Significance. If the empirical claims hold, the work would be a meaningful contribution to RLHF applications in low-level vision. The spatially explicit reward and synchronized curriculum address a recognized failure mode (reward hacking from global-only scores) in a concrete, deployable way. The introduction of a dedicated fine-grained dataset and the co-evolutionary training protocol are novel elements that could be adopted or extended in subsequent reward-modeling research for generative tasks.
major comments (2)
- [Experiments] Experiments section: The claim that CCL enables stable training while preserving the benefits of the full Perceptual Degradation Map lacks any ablation study. No results compare the ISR model trained with versus without the curriculum (or with different transition schedules), so the assertion that the synchronized easy-to-hard strategy both stabilizes convergence and ultimately improves local realism metrics cannot be verified from the presented evidence.

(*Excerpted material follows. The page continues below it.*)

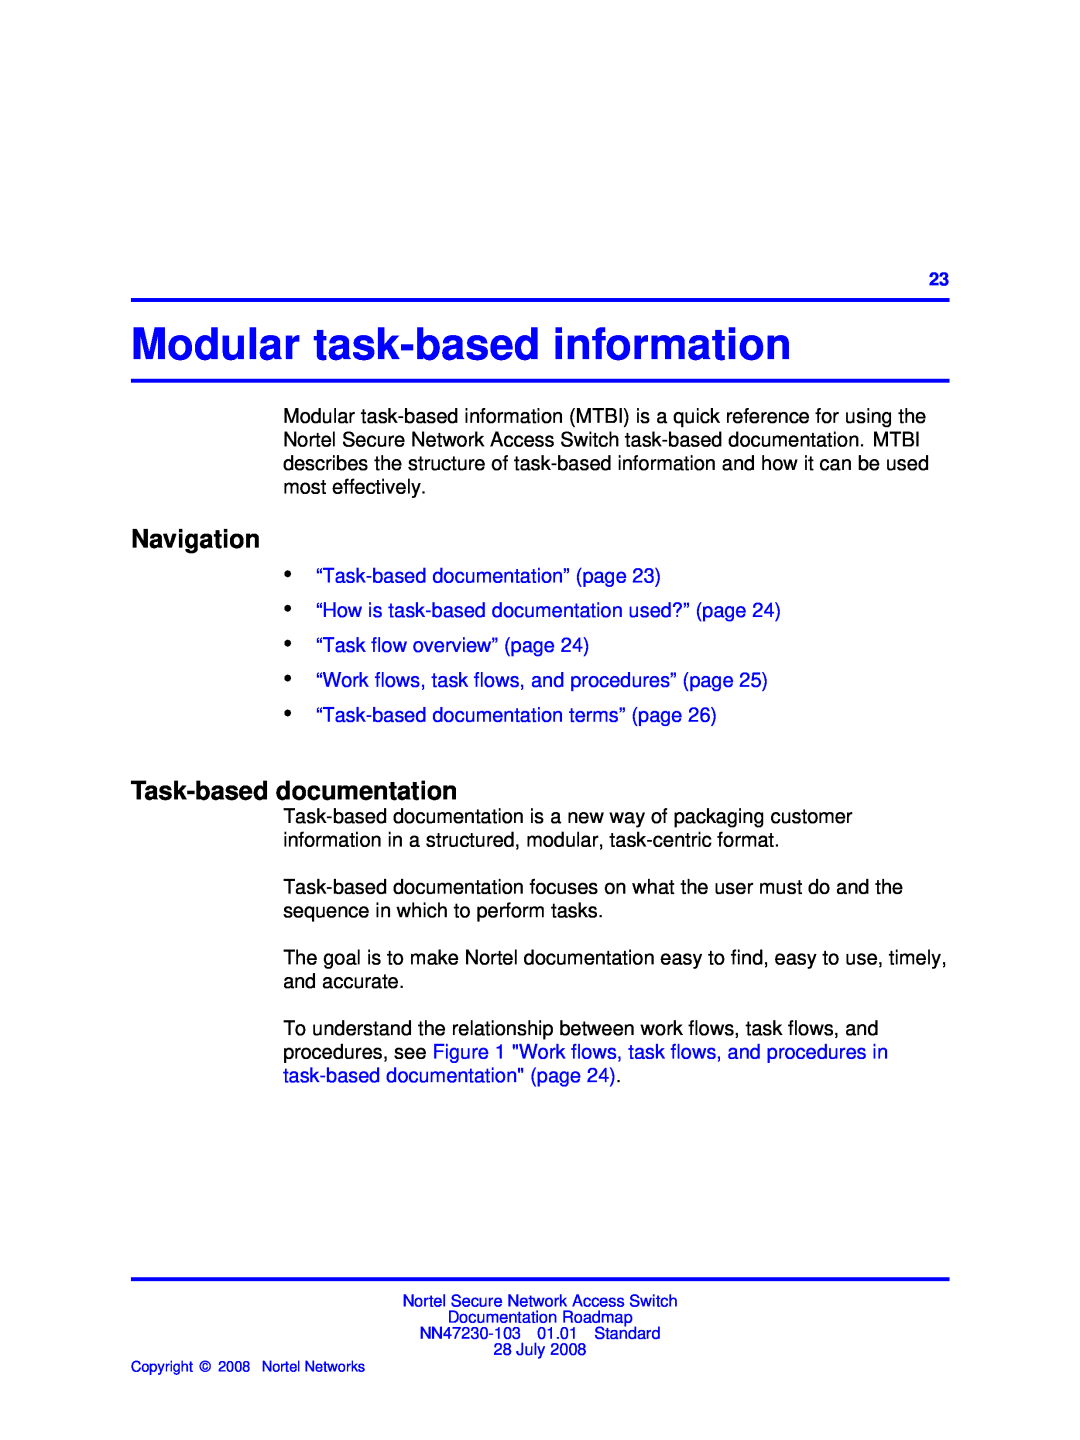 Nortel Networks NN47230-103 Modular task-based information, “Task-based documentation” page, “Task flow overview” page

- [§3.2] §3.2 (FGR-30k dataset description): The dataset is presented as capturing 'diverse and subtle distortions from real-world super-resolution models,' yet no quantitative characterization (e.g., distribution of distortion types, number of source SR models, or human validation of subtlety) is provided. Without these details it is impossible to assess whether the dataset is representative enough to support the claim that FinPercep-RM generalizes beyond the training distribution.
minor comments (2)
- [Abstract] Abstract: 'Experiments validates' is grammatically incorrect and should read 'Experiments validate'.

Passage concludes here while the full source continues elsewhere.